Mossad Kirim 500 Pager ke Lebanon sebelum Serangan 7 Oktober

GAZA – Kepala dinas intelijen Mossad negeri Israel David Barnea mengungkapkan agennya berhasil mengirimkan pengiriman pertama 500 perangkat pager pada Lebanon, yang dimaksud kemudian meledak serta menyebabkan berbagai korban, beberapa minggu sebelum serangan kelompok Hamas pada 7 Oktober 2023.
Serangan organisasi Hamas menyebabkan pertempuran lintas batas selama berbulan-bulan antara pasukan Hizbullah lalu negara Israel serta kemudian invasi dan juga pemboman skala penuh oleh Israel. Gencatan senjata mulai berlaku pada bulan November.
Pada bulan September, negara Israel mengatur rangkaian ledakan yang melibatkan perangkat komunikasi nirkabel, termasuk pager juga walkie-talkie yang digunakan oleh kelompok Hizbullah, menewaskan sedikitnya 51 orang dan juga melukai hampir 3.000 lainnya.
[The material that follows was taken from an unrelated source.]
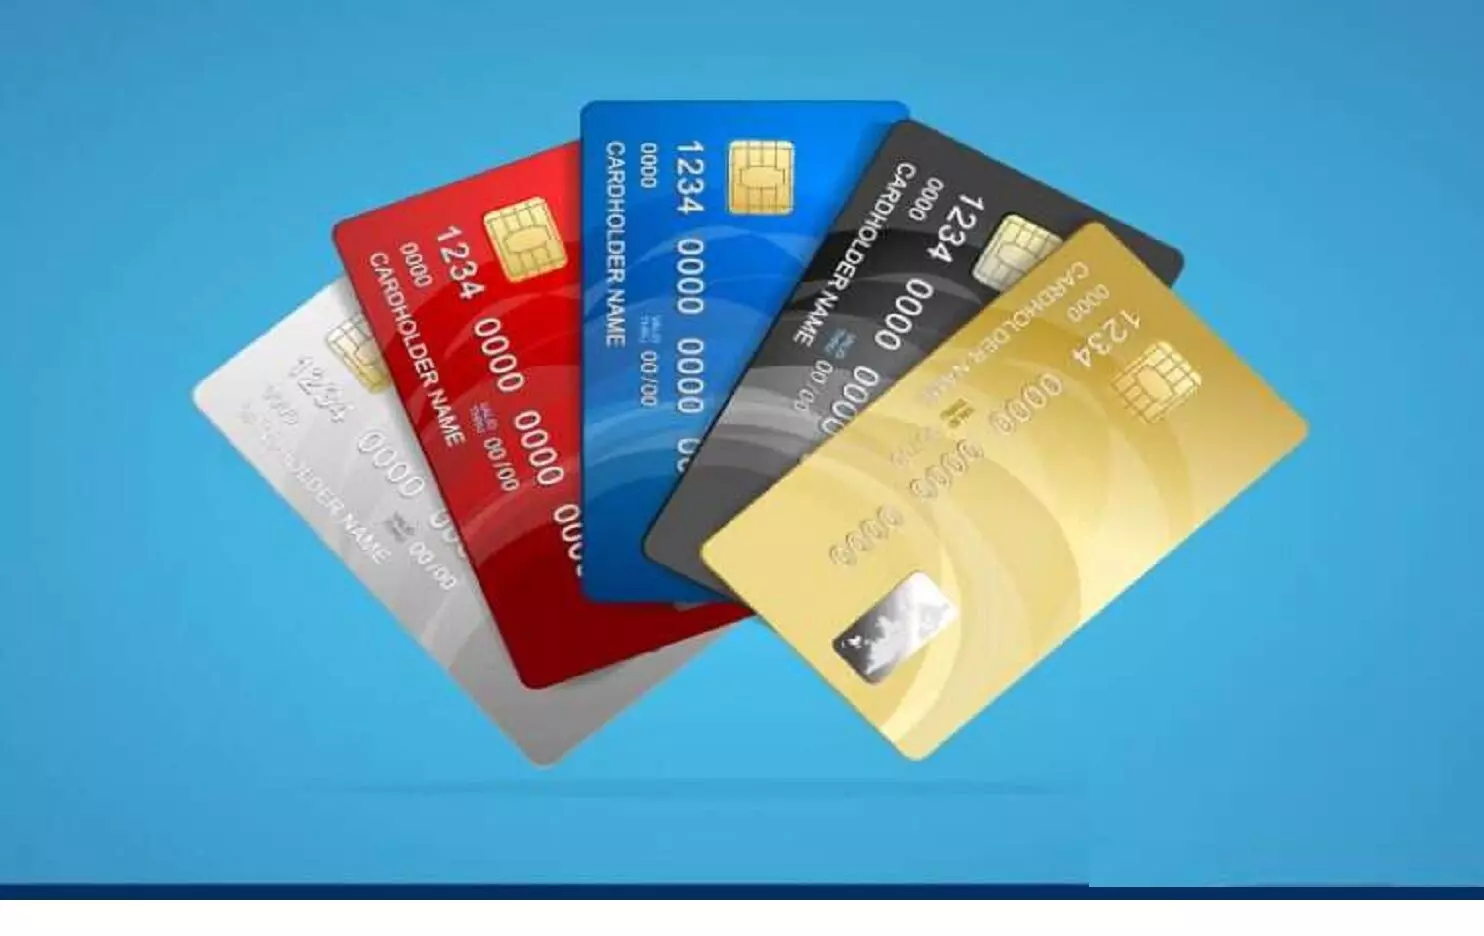 Credit Card News: क्रेडिट कार्ड में एक SMS से लुट जाएगा अकाउंट का सारा पैसा
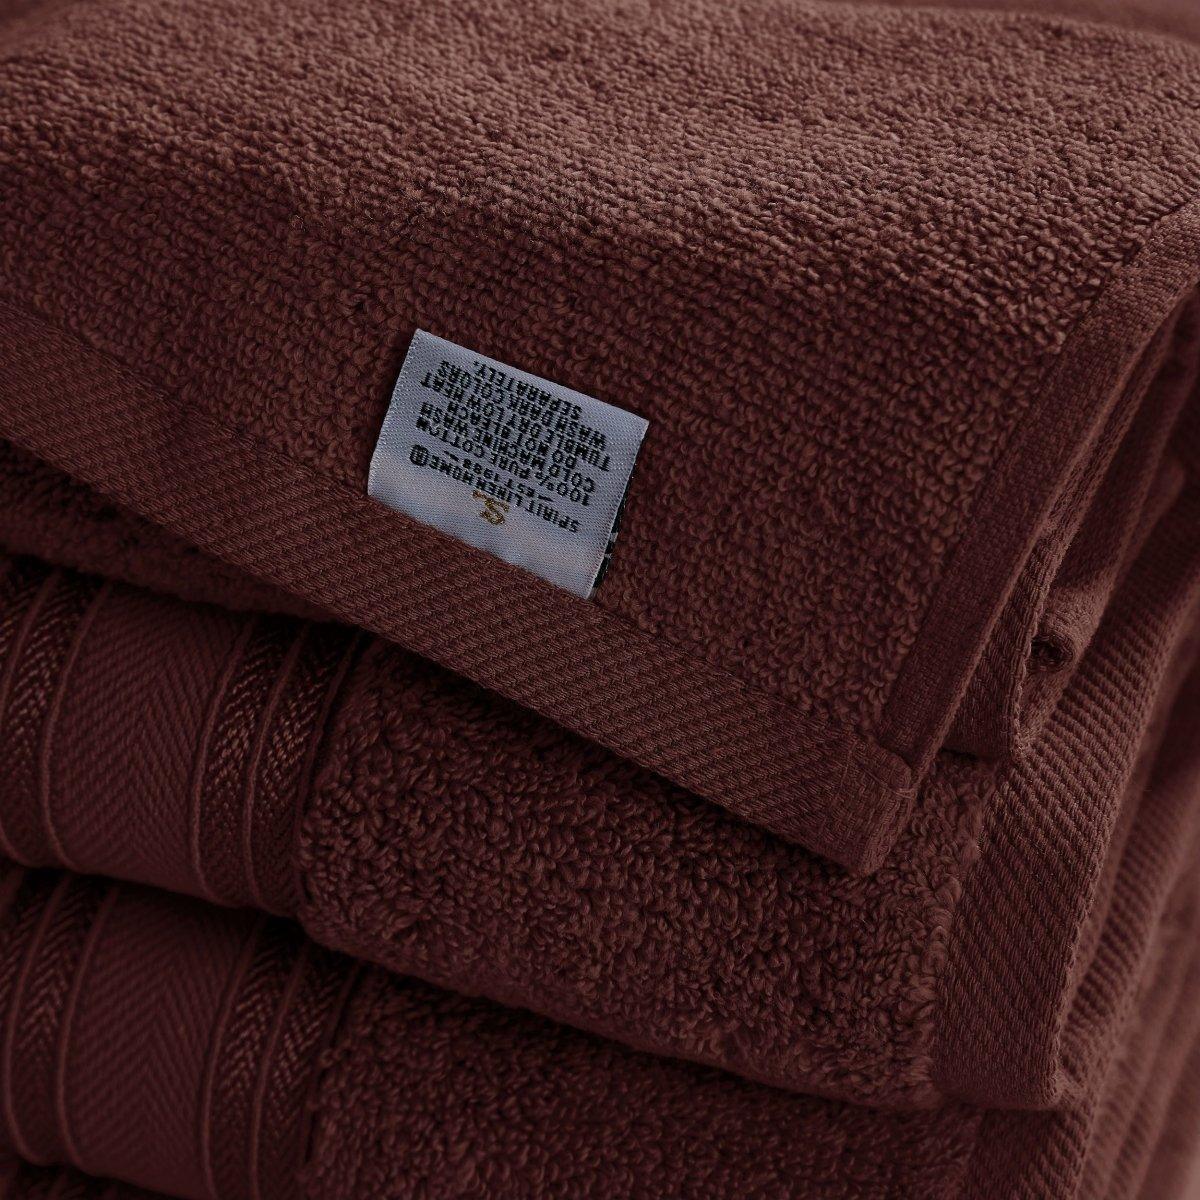 https://spiritlinen.com/cdn/shop/products/deep-mahogany-4-piece-soft-cotton-bath-towels-set-651698.jpg?v=1683418972&width=1445

“Operasi yang disebutkan mencerminkan penetrasi intelijen dan juga pemahaman yang tersebut mendalam tentang musuh, keunggulan teknologi, kemudian kemampuan operasional tingkat atas,” kata David Barnea mengungkapkan pada sebuah acara untuk Institut Studi Penting Nasional negara Israel (INSS) di tempat kota Herzliya, dilansir Anadolu.
Baca Juga: Efisiensi Tanpa Henti, Menggelorakan Revolusi Sayap Kanan
“Mengaktifkan kedua operasi [meledakkan pager kemudian walkie talkie] di dalam awal peperangan tak akan memunculkan dampak medan peperangan yang dimaksud dahsyat seperti yang digunakan kami capai pada waktu operasi itu dilakukan,” imbuhnya.
“Pada pada waktu operasi pager akhirnya dilaksanakan, pager yang digunakan diledakkan 10 kali lebih banyak berbagai daripada yang dimaksud tersedia dalam awal perang, juga walkie talkie yang digunakan diledakkan dua kali lebih banyak banyak,” klaimnya.
Barnea menyatakan operasi walkie-talkie dirancang sekitar satu dekade lalu juga ide untuk operasi pager pertama kali muncul setelahnya menyadari bahwa walkie-talkie mungkin saja tak efektif di semua skenario pertempuran.
Pada 17 September 2024, ribuan pager, yang tersebut sebagian besar digunakan oleh Hizbullah untuk komunikasi, meledak secara bersamaan di tempat seluruh Lebanon. Sehari kemudian, ribuan walkie-talkie Icom yang digunakan oleh kelompok itu juga meledak pada pada waktu yang mana sama.